The results of this study show anthropogenic influence on the early stages of natural regeneration in a Polylepis forest. Although seed trees still exist, the differences currently found will affect the structure of the forest in the long term; even if recovery is allowed, certain diameter classes will be absent. Studies of structure in P. australis forests in the Sierras Grandes de Córdoba (Teich et al., 2005) also indicate important anthropogenic impacts.

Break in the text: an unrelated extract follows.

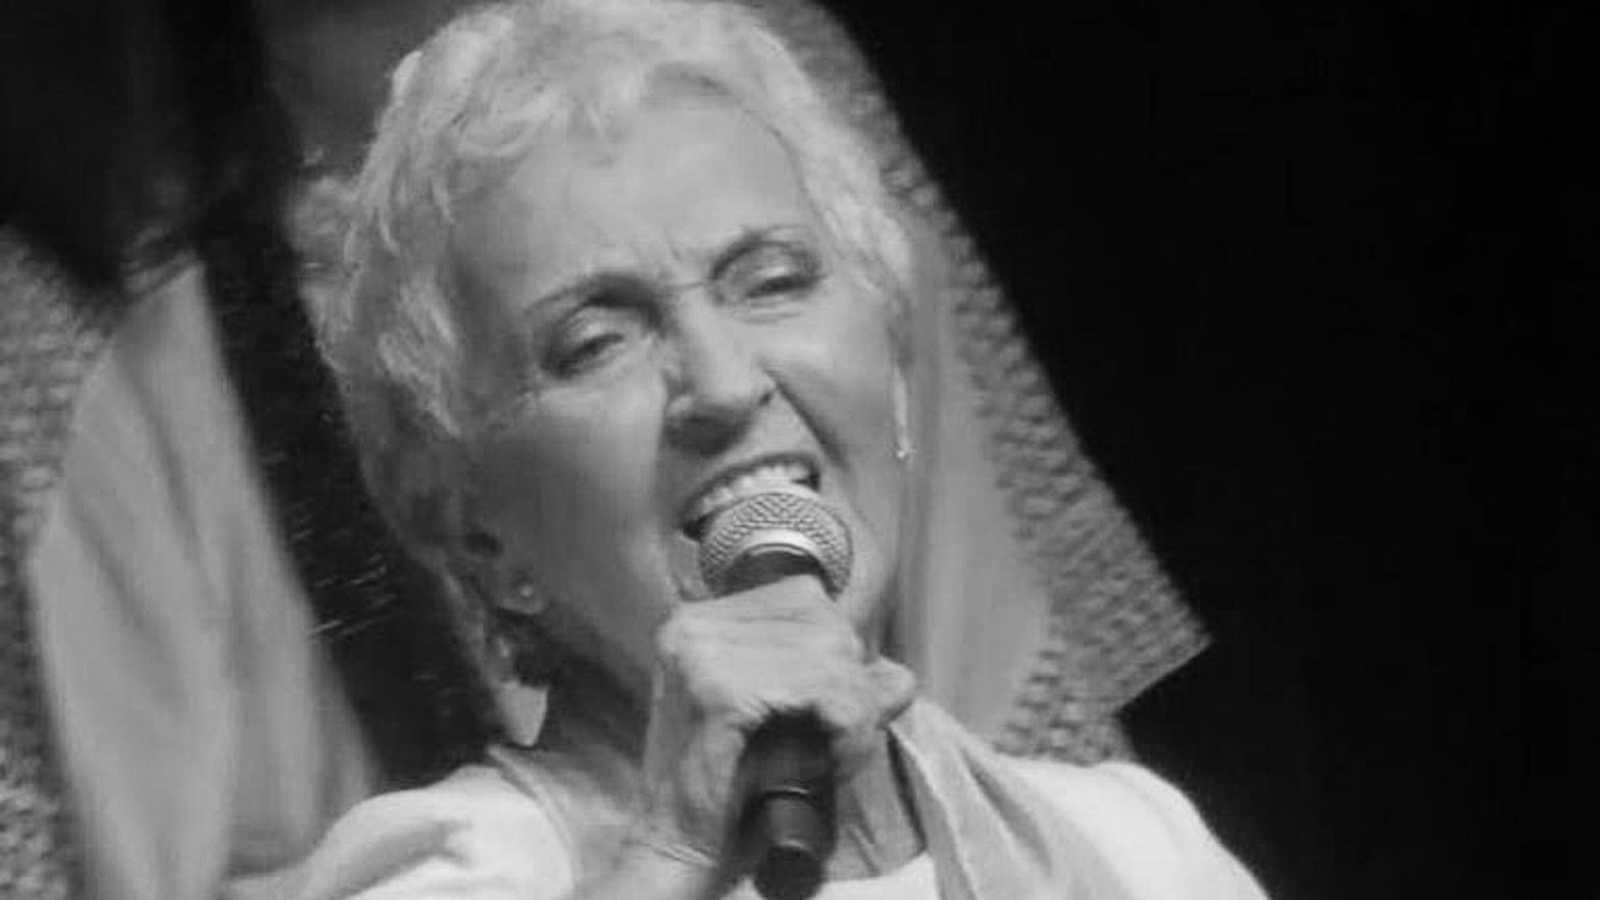 Emisión en sefardí - Homenaje despedida a Dina Roth, gran difusora de la cultura y kantes sefardíes - 01/11/20 - escuchar ahora

It would be important to extend the study through exclosures to other elevations, where the effect of the same number of livestock could be different, since this research was conducted at a single altitudinal level and was based on a small number of exclosures, therefore, the results are not definitive. Currently, some authors of the present study are developing a study involving more closures and the entire local gradient. The results of the present study are the first results of an experiment in this sector of the distribution of P. australis and are the initial step to contribute to the conservation of the species in the northern part of its distribution.
Conclusions
Natural regeneration of Polylepis forests would be affected if livestock activity is maintained under current management conditions, especially after the first year of life (saplings). Polylepis forests show no impact on germination, indicating that they still have the potential for natural regeneration. This indicates that urgent livestock control and management measures are needed over the entire distribution range. Differences found over time point to the need for long-term monitoring of seedlings. Differences found with research further south in the species' distribution highlight the importance of local studies.